This scheme allows passing of data between contexts.
3.6
Interrupts :
The ADSP-21020 has four external hardware interrupts, nine internally generated
interrupts, and eight software interrupts. For the external interrupts and the
internal timer interrupts, the ADSP-21020 automatically stacks the arithmetic
status and mode (MODE1) registers when servicing the interrupts, allowing five
nesting levels of fast service for these interrupts.
An
interrupt can occur at any time while the ADSP-21020 is executing a program.
Internal events that generate interrupts include arithmetic exceptions, which
allow for fast trap handling and recovery.
3.7
Timer :
The programmable interval timer provides periodic interrupt generation. When
enabled, the timer decrements a 32-bit count register
every cycle. When this count register reaches zero, the ADSP-21020 generates an
interrupt and asserts its TIMEXP output. The count register is automatically
reloaded from a 32-bit period register and the count resumes immediately.
The
ADSP-21020 implements the boundary scan testing provisions specified by IEEE
Standard 1149.1 of the Joint Testing Action Group (JTAG). The ADSP-21020’s test
access port and on-chip JTAG circuitry is fully compliant with the IEEE 1149.1
specification. The test access port enables boundary scan testing of circuitry
connected to the ADSP-21020’s I/O pins.
The
ADSP-21020 also implements on-chip emulation through the JTAG test access port.
The processor’s eight sets of break-point range registers enable program
execution at full speed until reaching a desired breakpoint address range. The processor can then halt and allow reading/writing of all the
processor’s internal registers and external memories through the JTAG port.
S3.C1.5 DEVELOPMENT
SYSTEM
The ADSP-21020 is supported with a complete set of software and hardware development tools. The ADSP-21020 Development System includes development software, an evaluation board and an in-circuit emulator.
5.1
Assembler :
Creates relocatable, COFF(Common Object File Format) object files from
ADSP-21XXX assembly source code. It accepts standard C preprocessor directives
for conditional assembly and macro processing. The algebraic syntax of the
ADSP-21XXX assembly language facilitates coding and debugging of DSP
algorithms.
5.2
Linker/Librarian :
The Linker processes separately assembled object files and library files to
create a single executable program. It assigns memory locations to code and to
data in accordance with a user-defined architecture file that describes the
memory and I/O configuration of the target system. The Librarian allows you to
group frequently used object files into a single library file that can be
linked with your main program.
5.3
Simulator :
The simulator performs interactive, instruction-level simulation of ADSP-21XXX
code within the hardware configuration described by a system architecture file.

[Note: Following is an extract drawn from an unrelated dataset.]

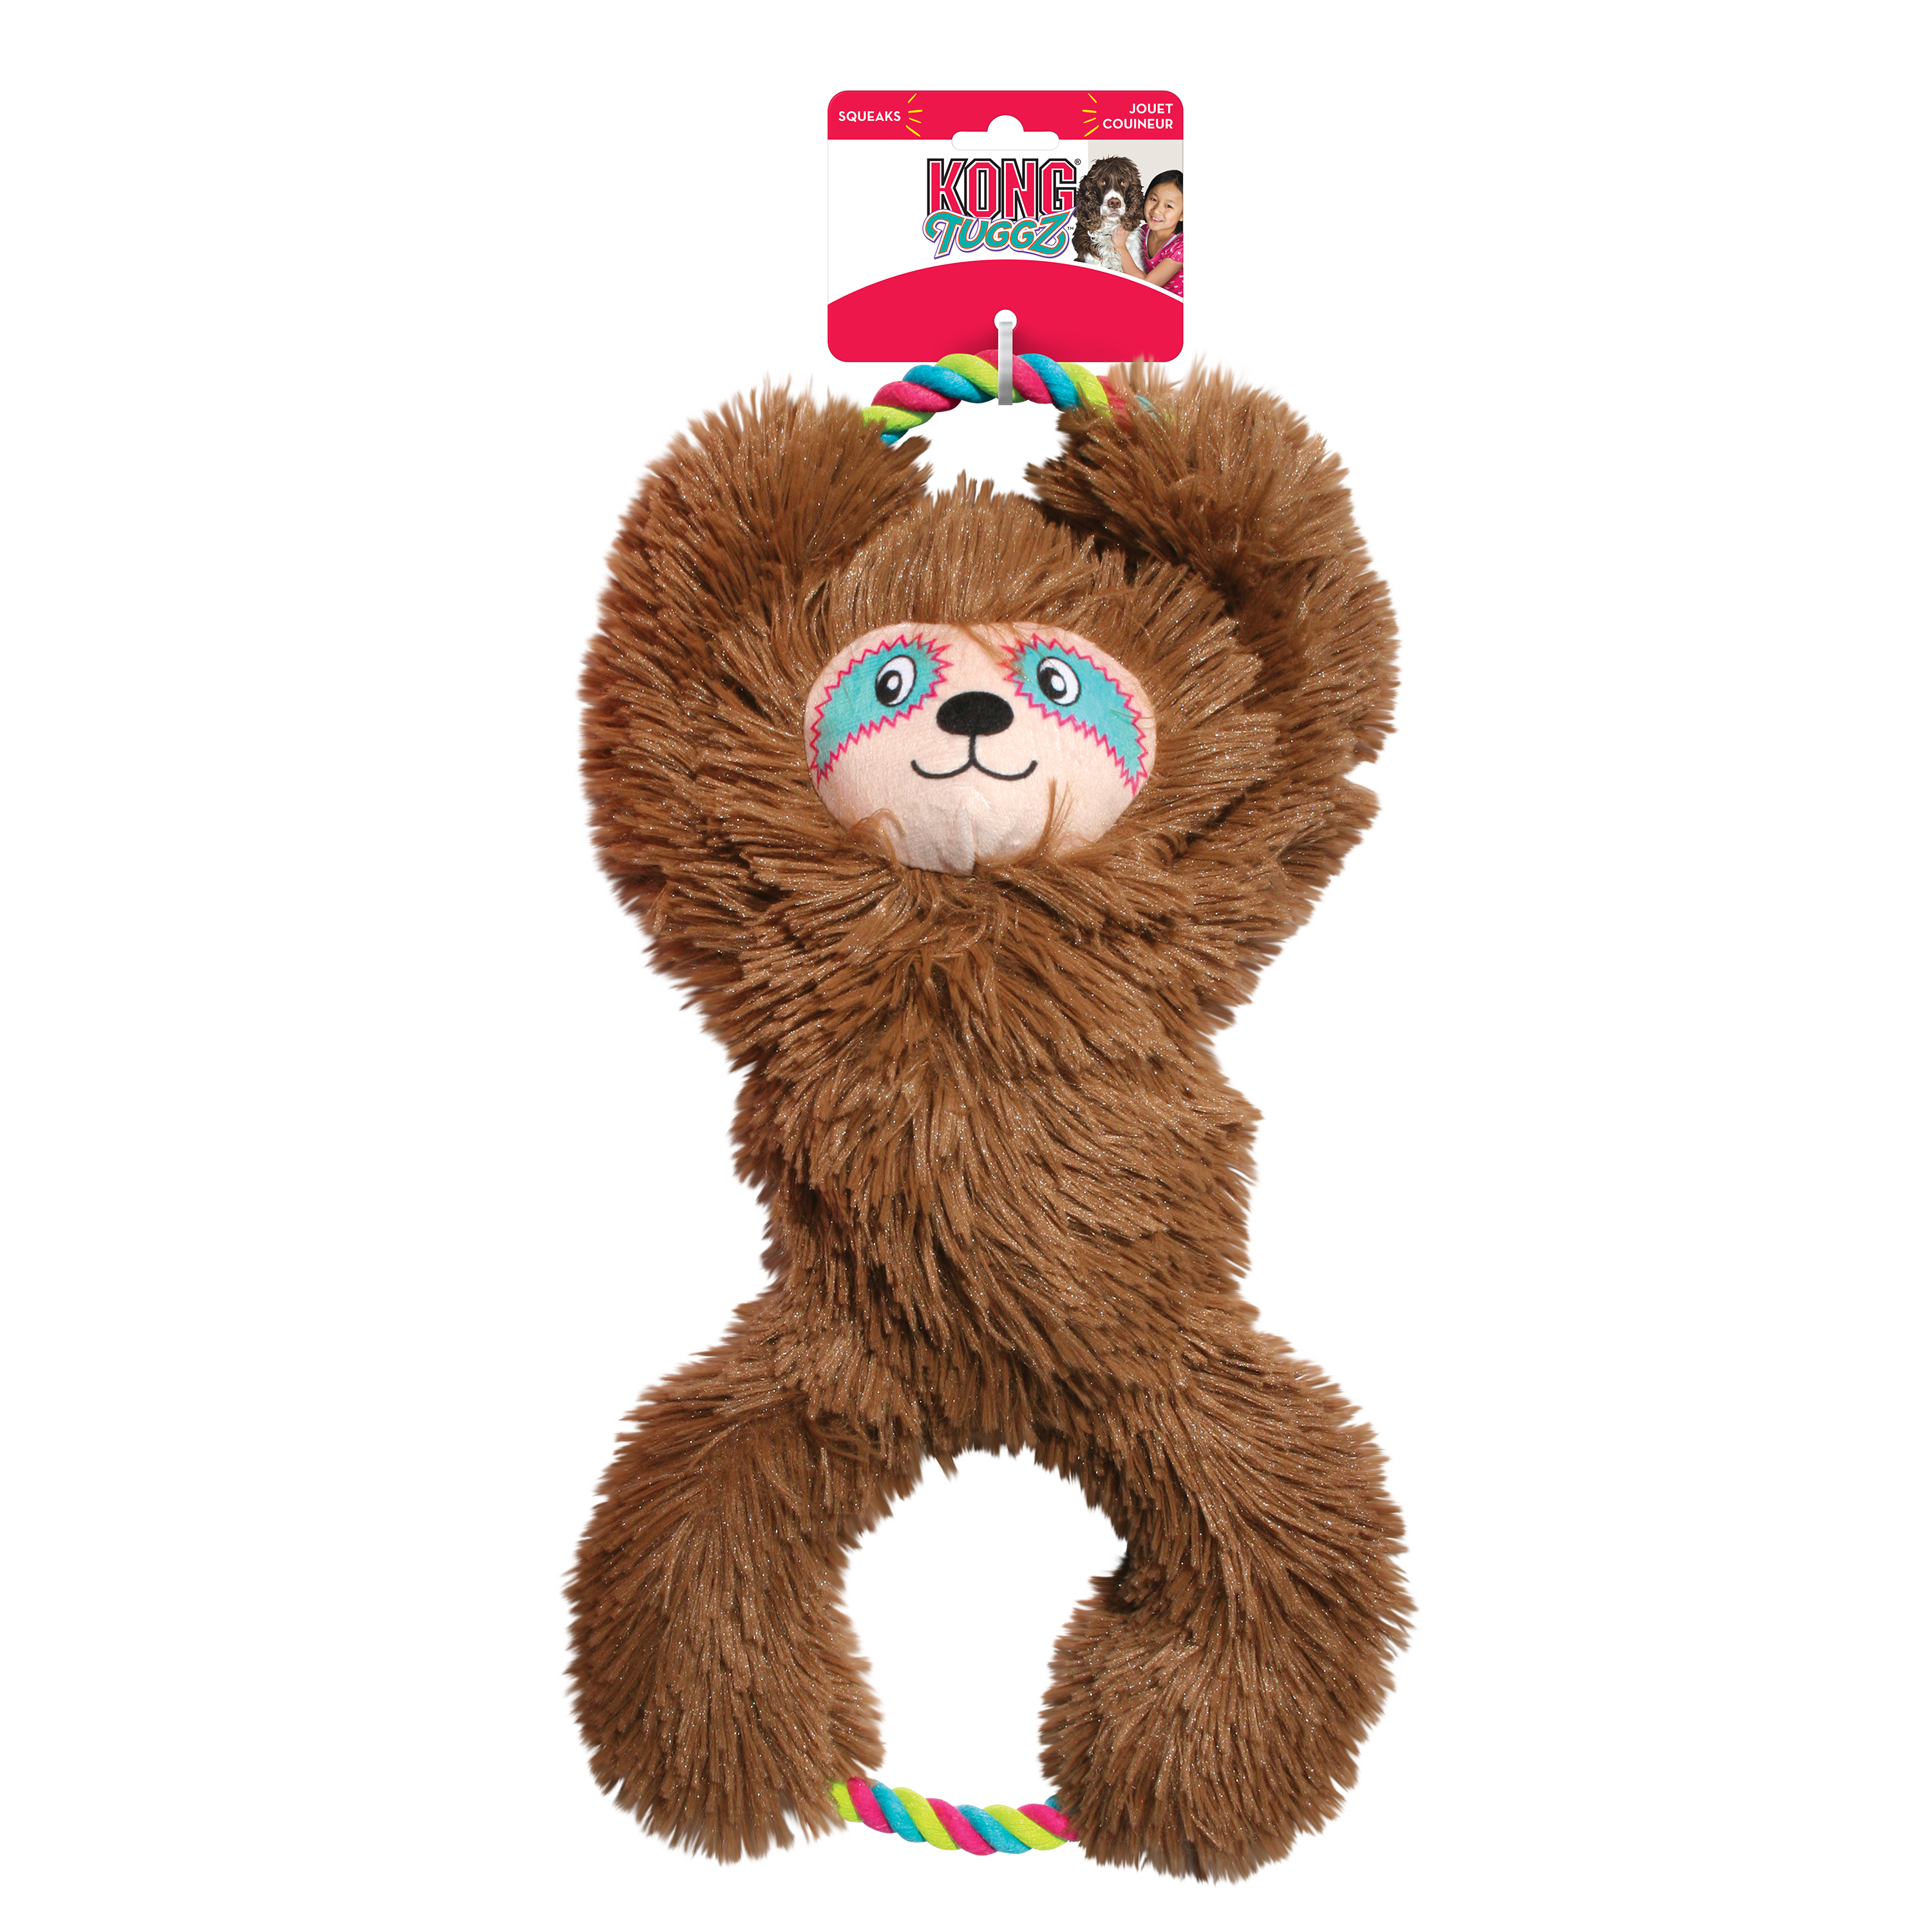 Tuggz Sloth onpack product image

It flags illegal operations and supports full symbolic disassembly. It provides
an easy-to-use, window oriented, GUI that is identical to the one used by the
ADSP-21020 EZ-ICE Emulator. Commands are accessed from pull-down menus with a
mouse.
5.4
PROM Splitter :
Formats an executable file into files that can be used with an
industry-standard PROM programmer.
5.5
C Compiler and Runtime Library :
The C Compiler compiles with ANSI specifications. It takes advantage of the
ADSP-21020’s high-level language architectural features and incorporates
optimizing algorithms to speed up the execution of code. It includes an
extensive runtime library with over 100 standard and DSP-specific functions.
5.6
C source Level Debugger : A
full-featured C source level debugger that works with the EZ-ICE emulator to
allow debugging of assembler source, C source, or mixed assembler and C.
5.7
DSP/C Compiler :
Supports ANSI Standard Numerical C as defined by the Numeric C Extension Group.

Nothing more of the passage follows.